Вместо ответа Раничев крепко поцеловал женщину в губы.
Они были близки много раз, каждый день на всем пути до Константинополя, и дальше, когда, миновав пролив, вышли в Черное море – древний Эвксинский понт.
– У меня на корабле есть враг, – однажды сказала Катаржина, натягивая на себя платье. – Застегни, мой коханый… Так…
– Что за враг? – озаботился Раничев. – Покажи!
– Один монах-доминиканец, брат Умберто… – пани замялась. – Знаешь ли, Иван, у меня в Генуе был один… в общем, один хороший знакомый.

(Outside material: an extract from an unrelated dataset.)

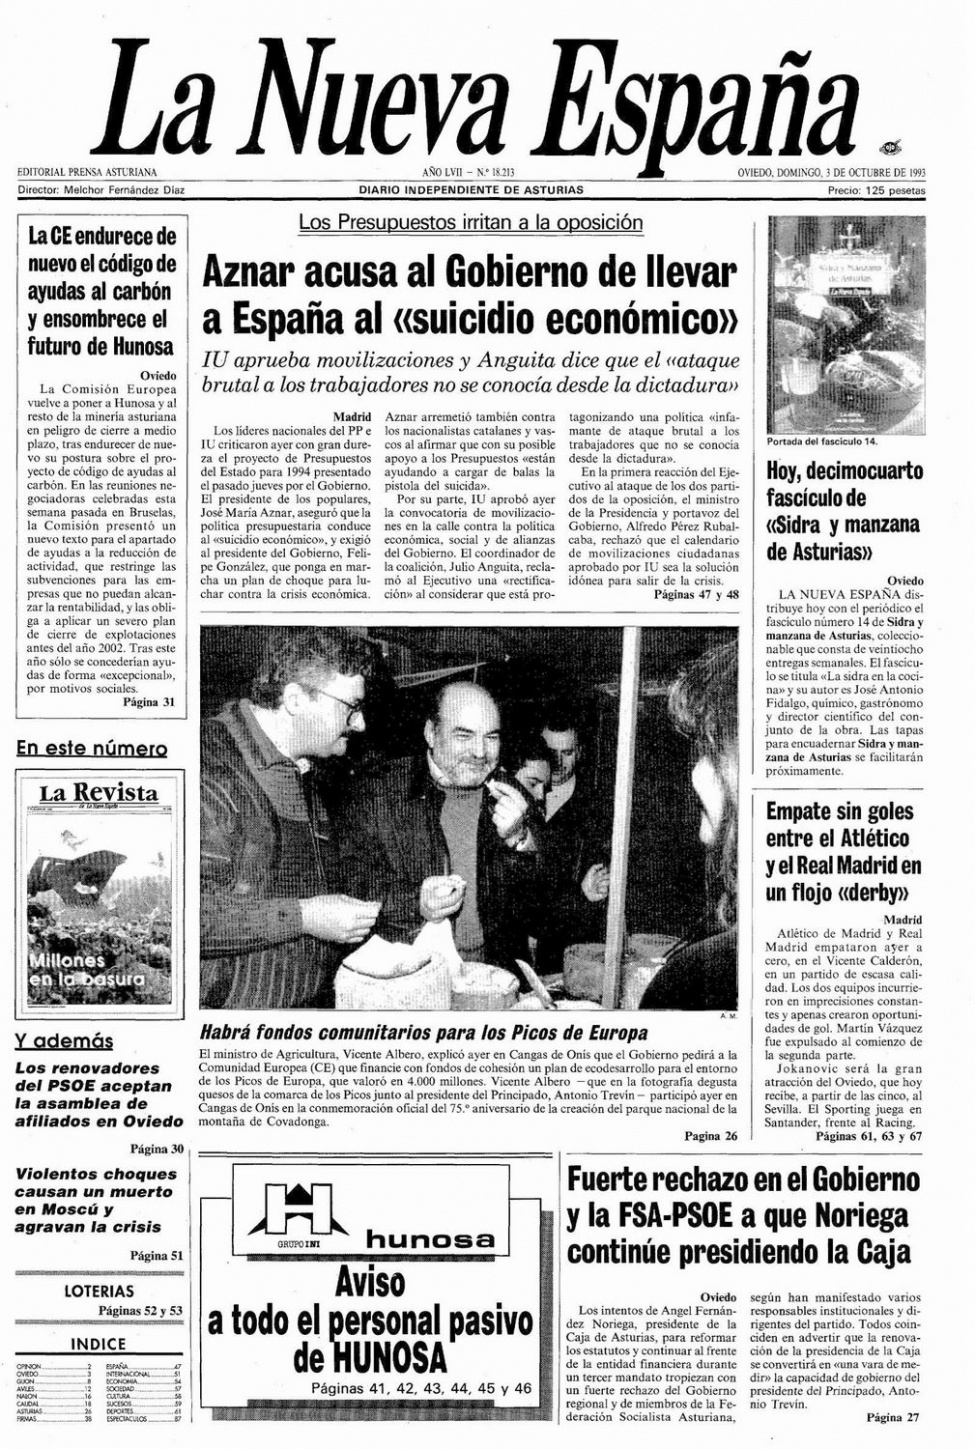 Portada del Domingo, 3 de Octubre de 1993

– Говори прямо – любовник.
– Пусть так, – женщина прикусила губу. – У него, у этого монаха, есть письма… Он выкрал их у бедного Пьетро… О, Пьетро, к несчастью, был гвельфом, сторонником императора, а тогда взяли верх паписты…
– Письма сейчас у монаха?
– Да. Он уже предлагал их мне… за такую сумму, которой у меня нет и никогда не будет! О, Томазо, супруг, убьет меня! Бедные дети.
– Авось не убьет, – хохотнул Иван. Кажется, он начал уже понимать, для чего понадобился Катаржине – вовсе не только для любовных утех. Но все же, как красива, чертовка! – Где он хранит письма?
– Носит при себе, под рясой, в особом нагруднике.
– Покажешь мне этого монаха, – попросил Иван. – Клянусь, я вытряхну у него эти чертовы письма, чего бы мне это не стоило!
– Ты настоящий рыцарь. Иван! Прямо, как в куртуазном романе.
Монах оказался тощ: сутулая фигура, какое-то неприятное, бритое, по-лошадиному вытянутое, лицо – обтянутый желтой кожей череп. Глубоко запавшие злые глаза, тонкие, застывшие в змеиной усмешке, губы. Редкостный уродец! Впрочем, все католические монахи были для Раничева на одно лицо, они своих-то, православных, не очень жаловали. Конечно, можно было схватить этого брата Умберто за шкрябень да потолковать по душам, но вот незадача – больно уж людно было на марсильяне. И сам монах путешествовал не один, а в компании себе подобных, да и на палубе – яблоку негде упасть. Вот и попробуй тут, надави. Нужно было срочно что-то придумать, ведь уже очень скоро на горизонте должны были показаться невысокие горы Крыма. Иван думал долго, пока, наконец, не надумал. Для того чтобы «потрясти» монаха, нужны было два условия:
Первое – желание, а оно у Ранчивеа имелось, и второе – укромное, относительно безлюдное, место. На палубе народу полно, а в трюмах? Как бы только туда попасть? Иван прошатался по всему кораблю до темноты – как раз созвали на вечернюю молитву, все – и пассажиры, и моряки – затянули хором «Аве Мария»! – и заприметил небольшой люк в палубу у самой бизани. Небольшой такой – по силам поднять одному – матросы там держали ведра, обрывки канатов, пеньку и прочее, потребное для ремонта или уборки судна. Ранчиев даже украдкой заглянул – места хоть и немного, но для разборок вполне хватало. Теперь осталось только заманить туда монаха. Впрочем, чего заманивать? Дождаться, покуда уснет, сграбастать в охапку, и…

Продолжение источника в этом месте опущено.